Como o software de controle de dispositivo é verificado quanto à qualidade?

5

Muitos, many reports on the now infamous MCAS suggest a software patch is forthcoming in the next several weeks that will address the confounding single point of failure with the two AOA sensors that probably contributed to at least one 737 MAX crash.

As a software developer (of a much different variety than a Boeing engineer), I am very curious:

  1. What do regulators and the public know about the actual code that flies planes (and sometimes crashes them)?

I've been looking for an hour and can't locate a single patent application that even mentions what language it's written in, though I imagine it's a complex network of machine languages and so forth.

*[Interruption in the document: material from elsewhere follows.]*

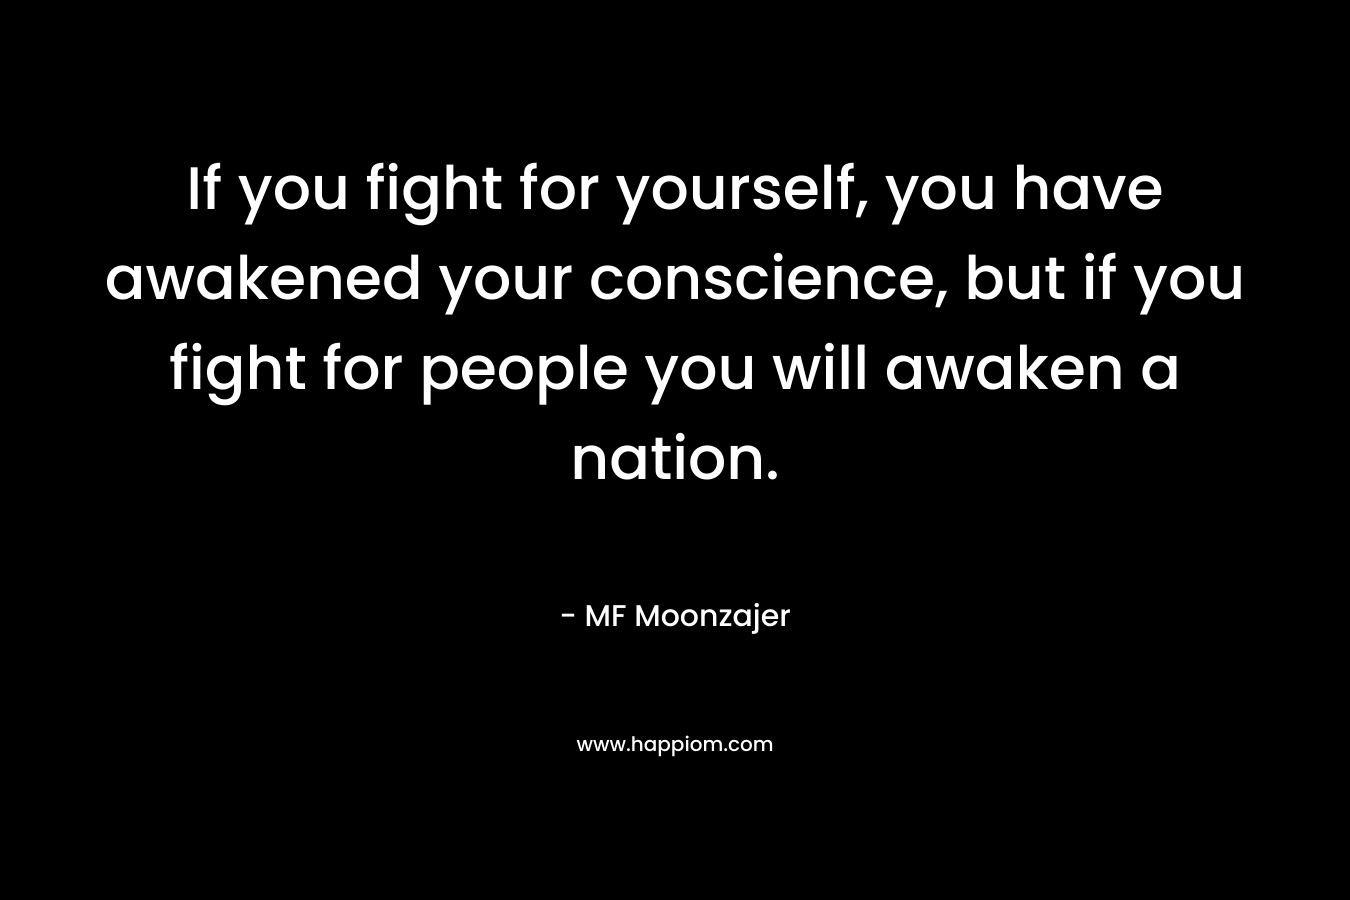 If you fight for yourself, you have awakened your conscience, but if you fight for people you will awaken a nation. – MF Moonzajer

I tend to doubt the 737 runs on JavaScript...

Mais importante:

  1. Is there any procedure for QA'ing an airline manufacturer's code?

  2. Does someone at the FAA get invited to Boeing's private Github account?

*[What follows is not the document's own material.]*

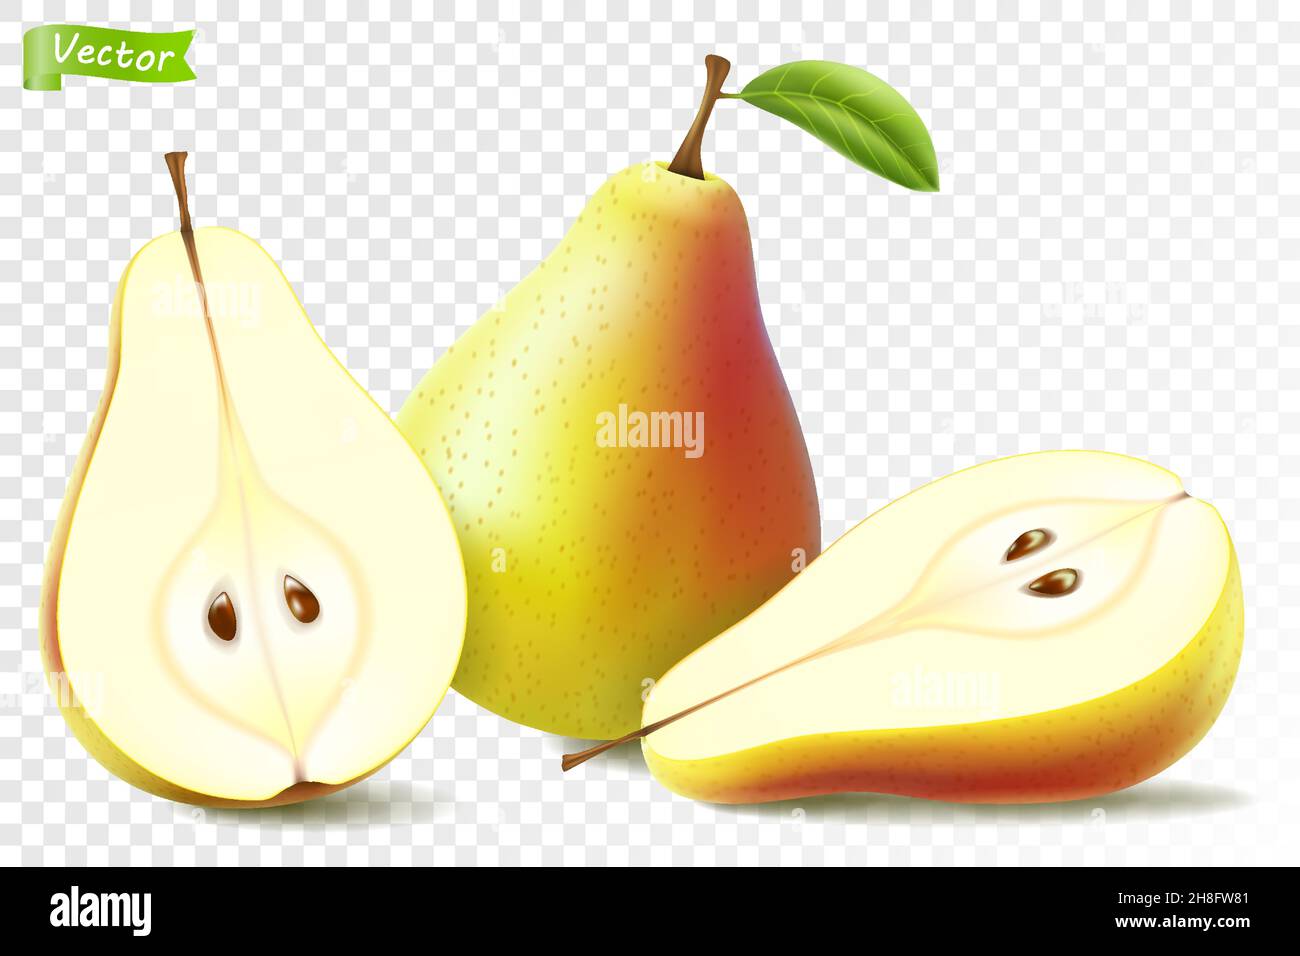 Pear whole and half for organic food Vector3d realistic, drink product design. Fresh sweet fruit full of vitamins for healthy eating, diet. Natural pr Stock Vector

I'm mostly being facetious, but you get the idea. I ask because every day it sounds more and more like a freshman error in code cost 300+ lives.

  1. Is there anywhere I can look for descriptions of this mysterious code and its forthcoming patch?
por Chris Wilson 16.03.2019 / 16:27

3 respostas

I've worked on some certified software in a different domain (and slightly less strict); the principle would be similar here.

Basically the certifying authority will want to make sure that proper risk analysis was done on the system—both software and hardware—and risks were mitigated to get to certain level of reliability.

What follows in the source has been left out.